CBS 127, 13-15 (2021). HPTLC of rutin and quercetin in Ginkgo biloba (1), rosmarinic acid in rosemary (2) and oleuropein in olive oil (3) on silica gel with ethyl acetate - formic acid - acetic acid - water 100:11:11:26. Detection by spraying with NP reagent (1 g 2-aminoethyl diphenylborinate in 100 mL methanol) for (1) and (2) or with anisaldehyde reagent (0.5 mL p-anisaldehyde in 85 mL methanol, 10 mL acetic acid and 5 mL sulfuric acid), followed by heating at 100 °C for 3 min. Absorbance measurement at 254 nm and 238 nm for oleuropein and in fluorescence mode at 366>/400 nm for rosmarinic acid. The method showed the application of Quantified Reference Extracts for the identification of plant materials and quantification of markers by HPTLC.

Sens. Actuators B Chem. 299, 126902 (2019). Thin layer chromatography combined with surface-enhanced Raman spectroscopy (TLC-SERS) of melamine in milk on silica gel with acetone - chloroform - ammonia 14:1:4. 2 μL gold nanoparticles were drop casted onto the analyte spot, followed by measurement using a  Raman spectrometer equipped with a diode laser emitting at 785 nm wavelength for illumination over a 100 μm diameter was used to obtain the SERS signals. A parallel representation model of the triple-spectral data was constructed using a pure quaternion matrix. Quaternion principal component analysis (QPCA) was utilized to build a quantitative model using support vector regression (SVR) algorithm. The method allowed the determination of melamine-contaminated milk with concentrations from 1 to 250 ppm.

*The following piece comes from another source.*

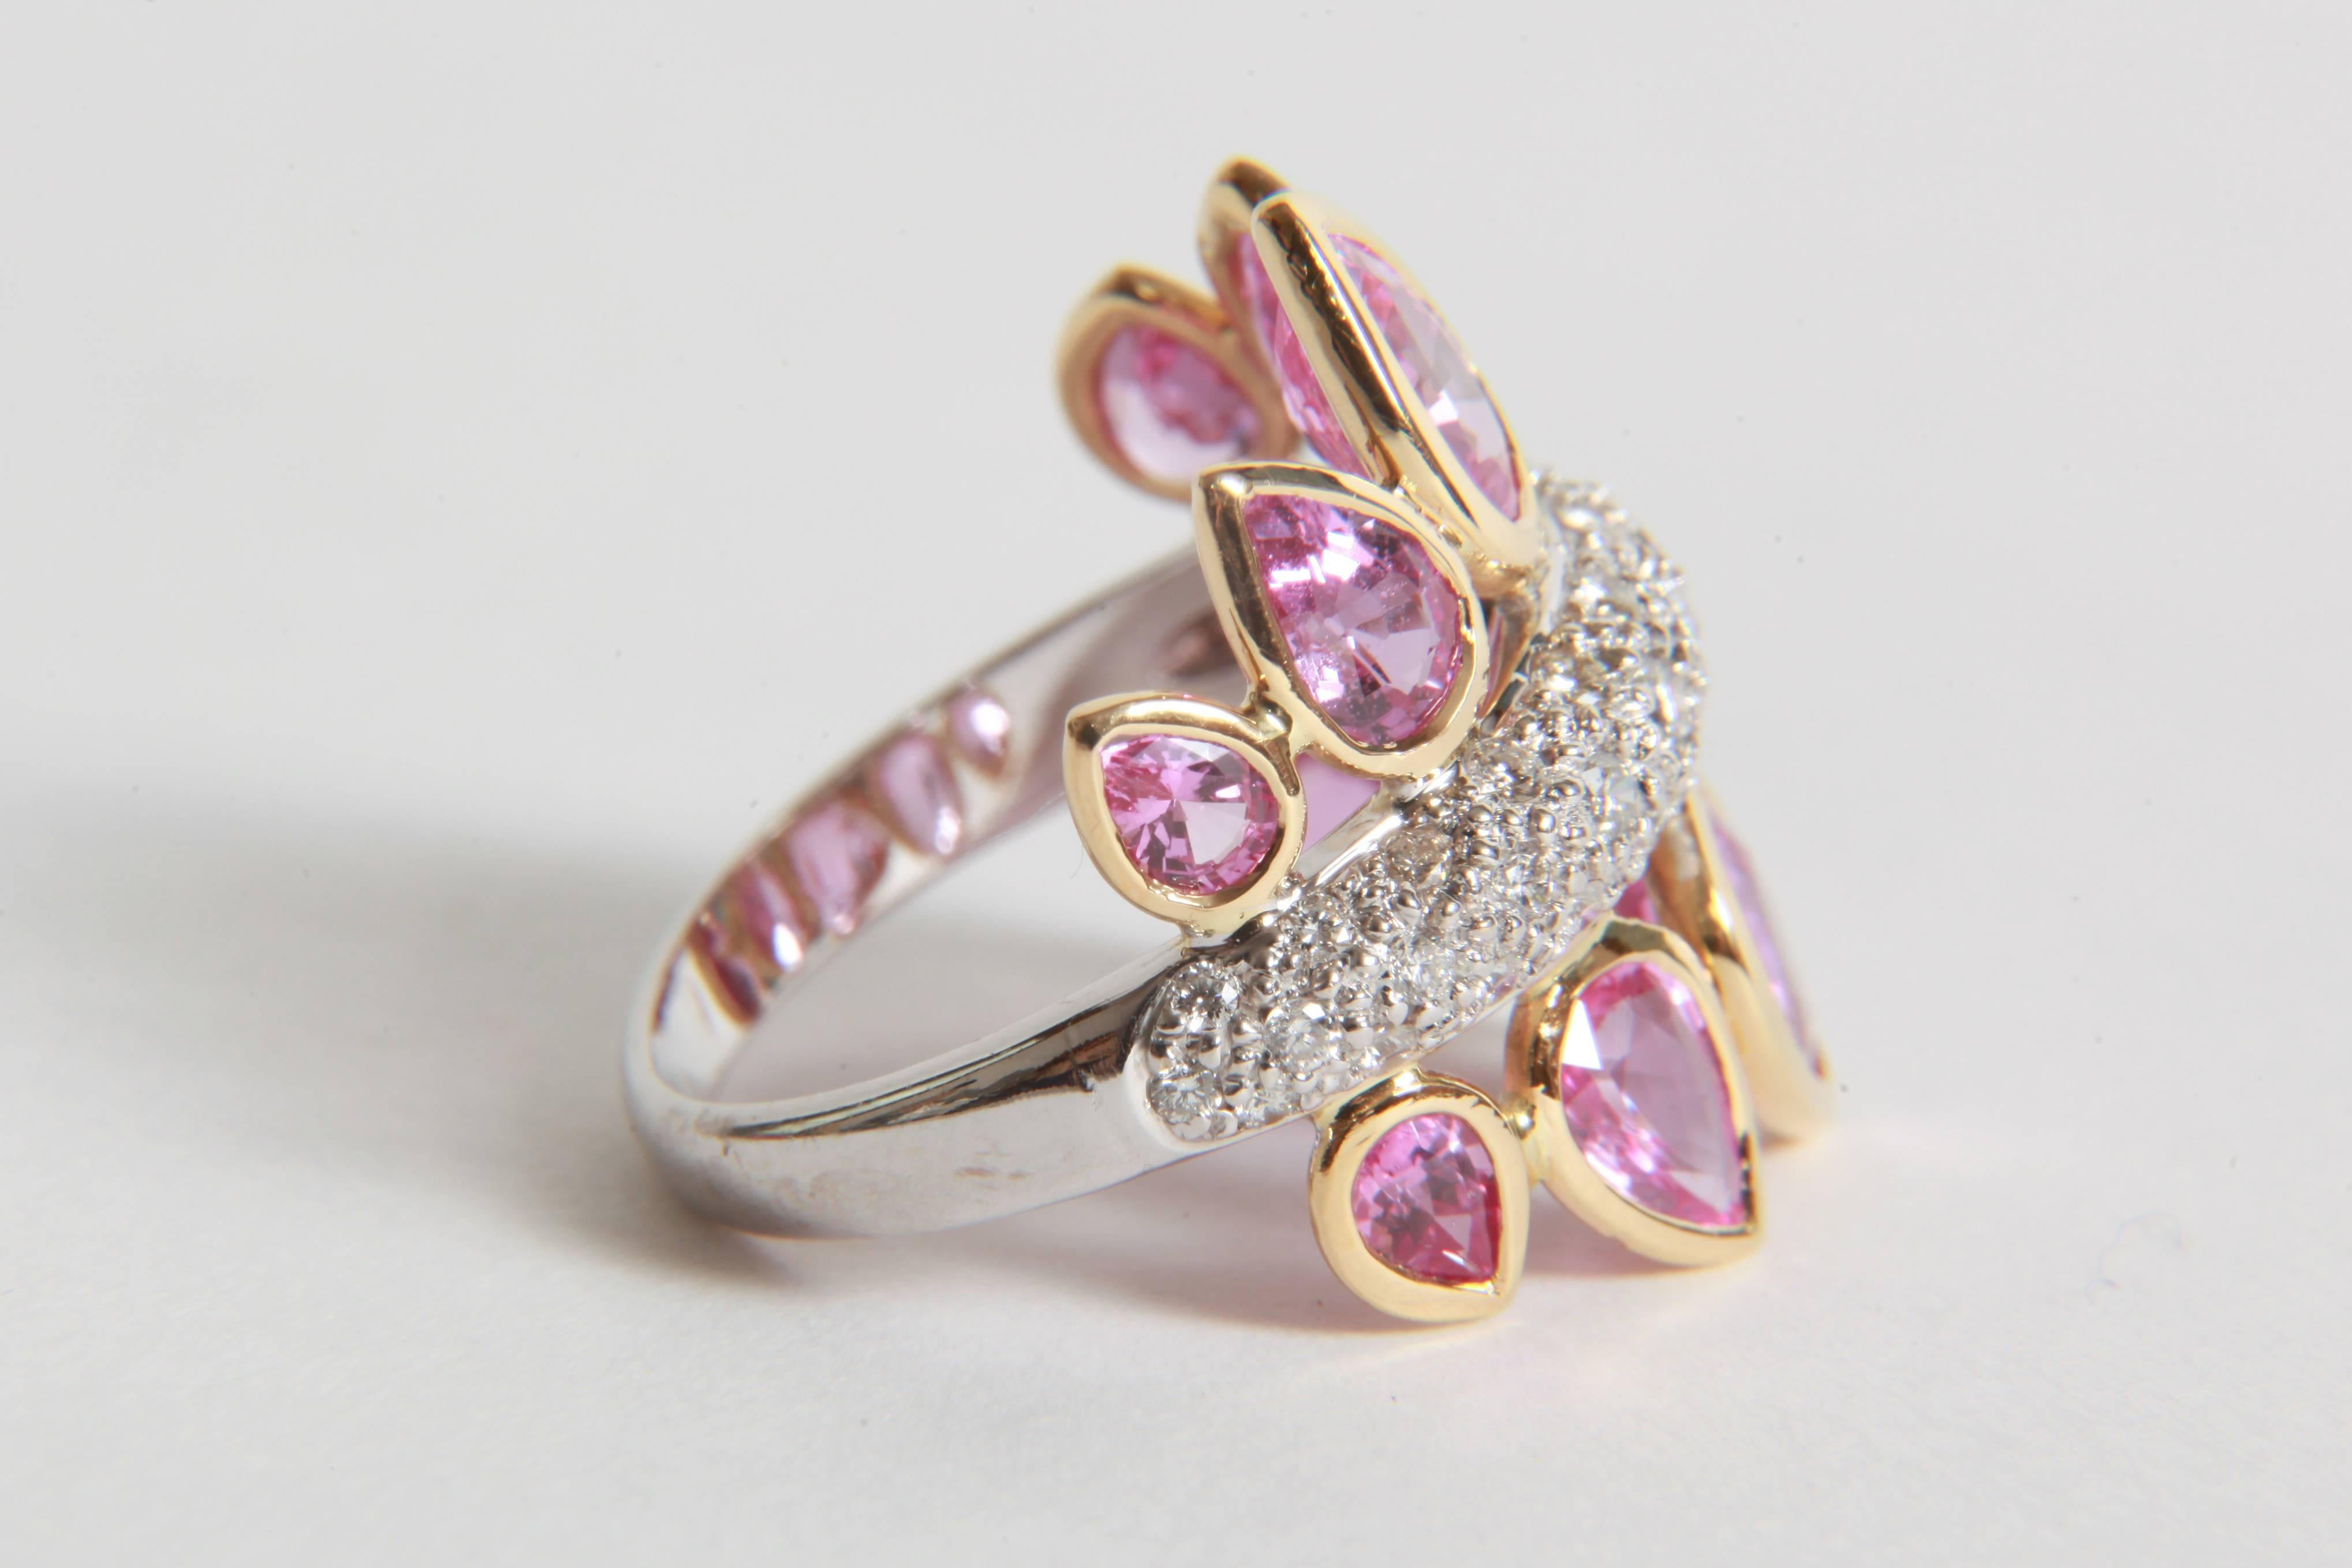 4, 74 Carats Pink Sapphires and 1 Carat White Diamonds Ring by Marion Jeantet 2

Front. Pharmacol. 12, 755941 (2021). High-throughput eight-dimensional (8D) hyphenation of normal-phase HPTLC with multi-imaging by ultraviolet, visible and fluorescence light detection as well as effect-directed assay and heart-cut of the bioactive zone to orthogonal reversed-phase high-performance liquid chromatography-photodiode array detection-heated electrospray ionization mass spectrometry. The method allowed the analysis of 68 powdered plant extracts (botanicals) which are added to food products in food industry and the study of antibacterials, estrogens, antiestrogens, androgens, and antiandrogens, as well as acetylcholinesterase, butyrylcholinesterase, α-amylase, α-glucosidase, β-glucosidase, β-glucuronidase, and tyrosinase inhibitors in an array of 1,292 profiles.

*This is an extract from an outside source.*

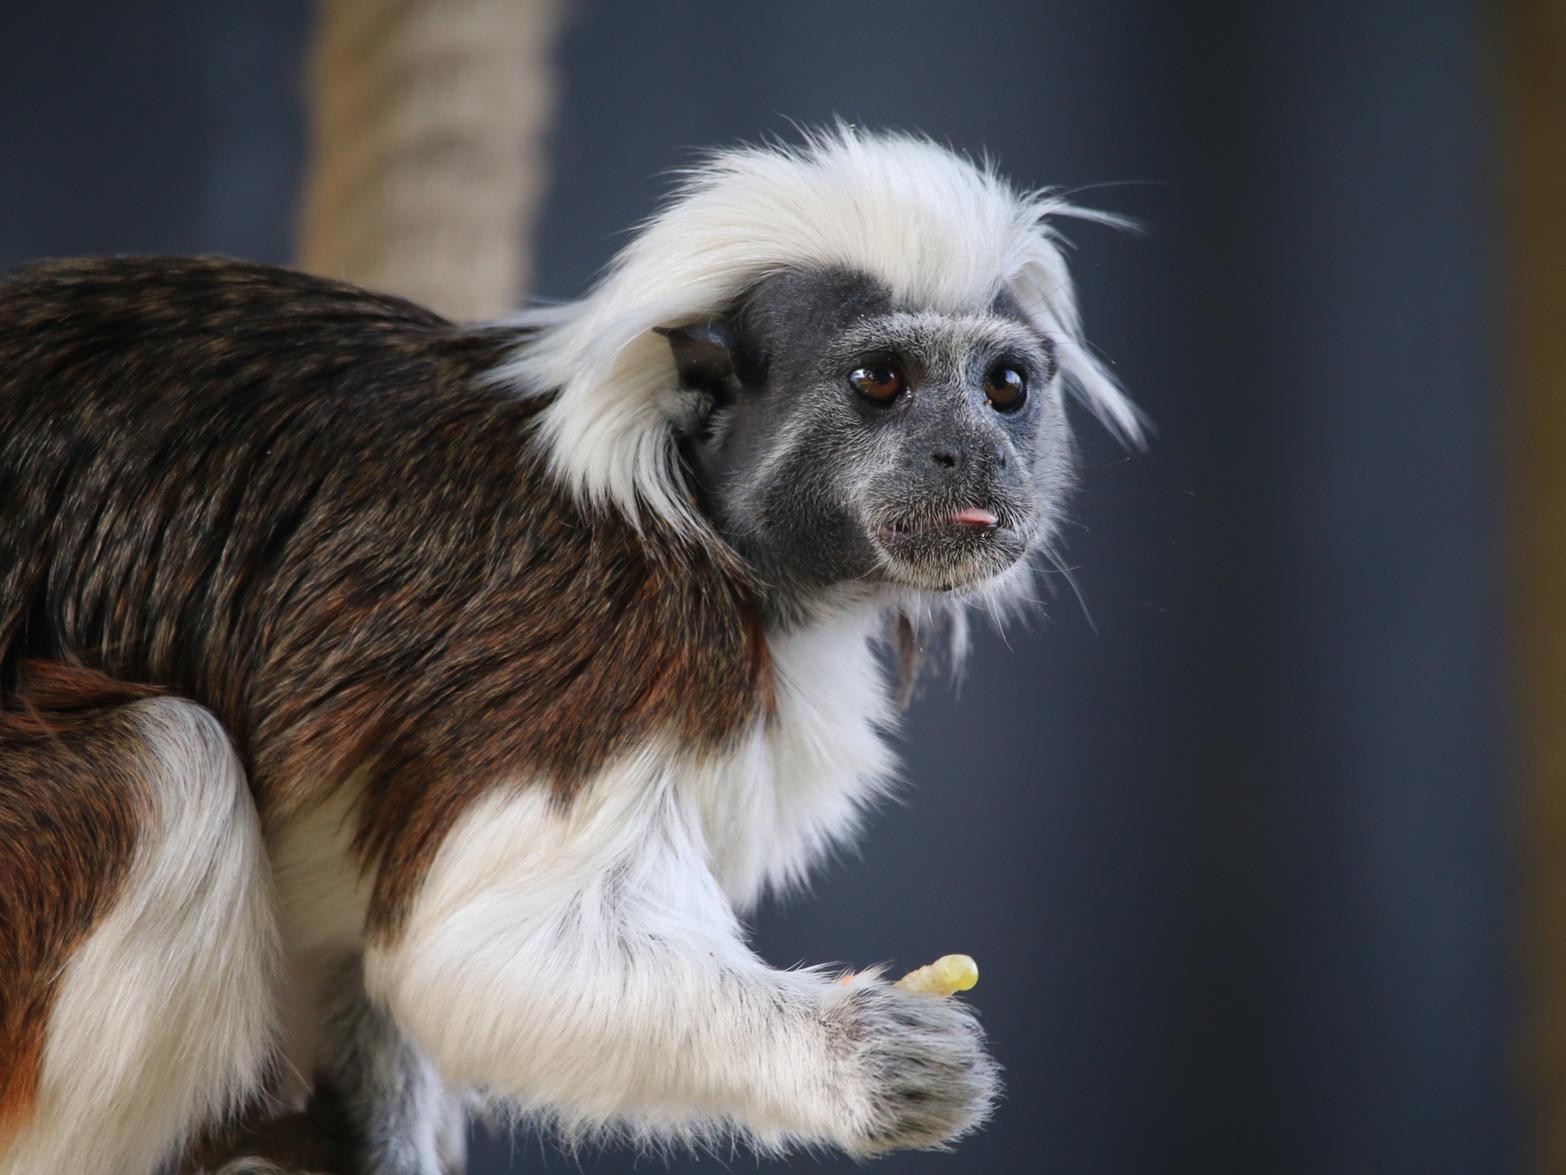 In July, a pair of rare Cotton Top Tamarins joined the park. Maurice and Margot, aged 2, are part of the international breeding programme. There are currently only believed to be just over 6,000 of the species left in the wild.

J. Planar Chromatogr. 35, 181-187 (2022). HPTLC of gallic acid (1) and gallic acid ester (2) in Turkish gall on silica gel with dichloromethane - ethyl acetate - formic acid 5:3:1. Detection by spraying with 2 % ferric chloride ethanol solution. Quantitative determination by absorbance measurement at 280 nm. The hRF values for (1) and (2) were 67 and 81, respectively. Linearity was between 507 and 3045 ng/zone for (1) and 499 and 2994 ng/zone for (2). Interday and intra-day precisions were below 2 % (n=6). Average recovery was 100.6 % for (1) and 97.8 % for (2). The method was used to analyze the changes in the content of components which was treated by static simulated gastrointestinal digestion.

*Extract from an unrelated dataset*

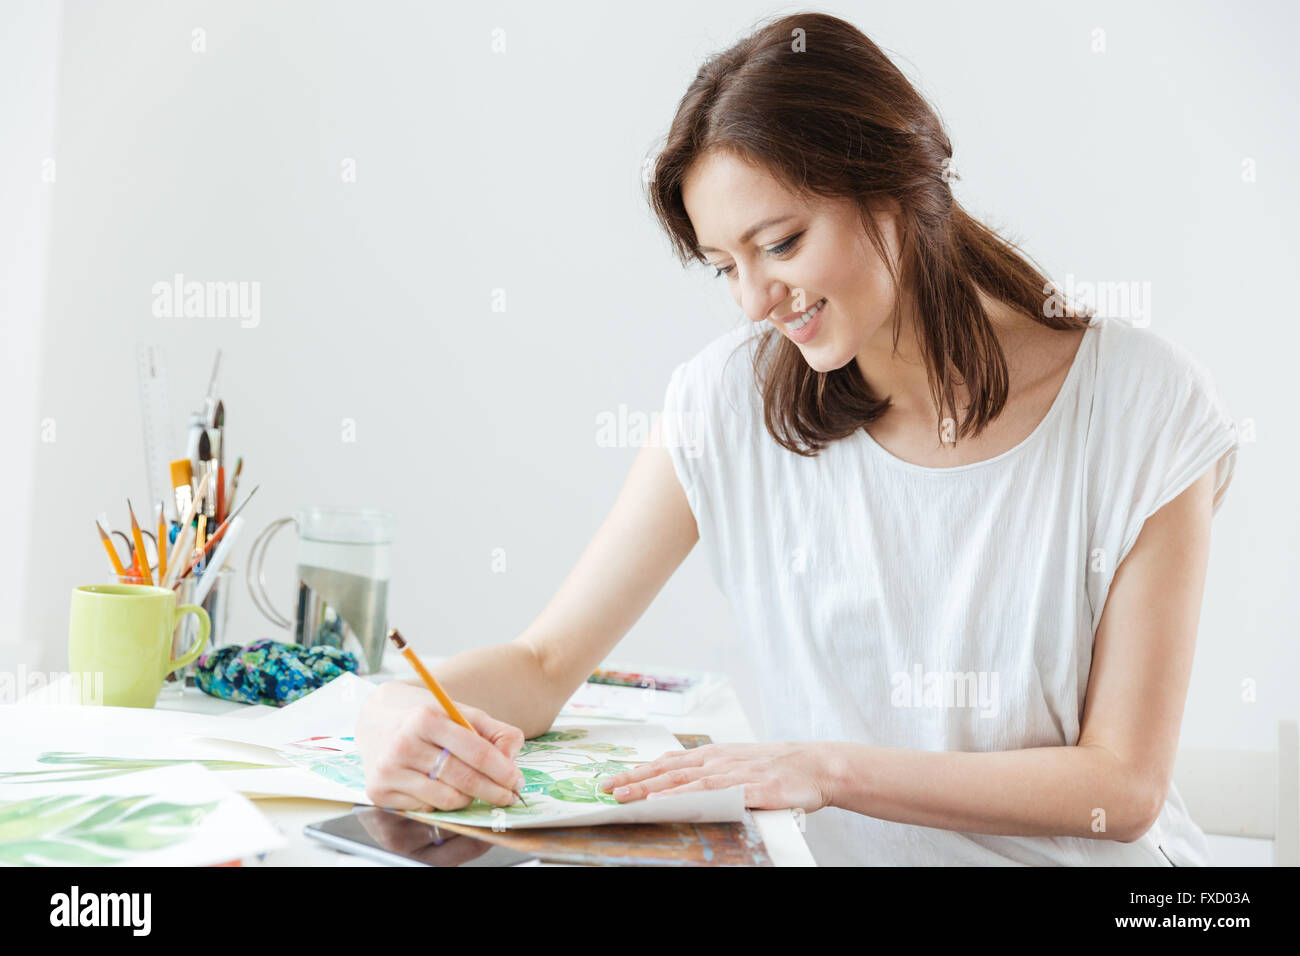 Smiling pretty woman painter drawing at the table Stock Photo

J. Planar Chromatogr. 35, 169-179 (2022). HPTLC of arjungenin (1) and arjunetin (2) in the bark of Terminalia arjuna on silica gel with toluene - ethyl acetate - formic acid 5:4:1. Detection by spraying with 10 % solution of sulfuric acid dissolved in methanol. Quantitative determination by absorbance measurement at 420 and 475 nm for (1) and (2). The hRF values for (1) and (2) were 43 and 67, respectively. Linearity was between 100 and 1000 ng/zone for (1) and (2). The method facilitated the detection of traces amount of adulterants in herbal products.

J. Planar Chromatogr. 35, 153-159 (2022). HPTLC of glucuronic acid in gum samples of Sterculia urens on silica gel with 1-propanol - water 7:3. Detection by spraying with napthoresorcinol sulfuric acid reagent, followed by heating at 105 °C for 5 min. Quantitative determination by absorbance measurement at 580 nm. The hRF value for glucuronic acid was 43. Linearity was between 300 and 700 ng/zone. Interday and intra-day precisions were below 2 % (n=3). Recovery was between 100.4 and 102.3 %.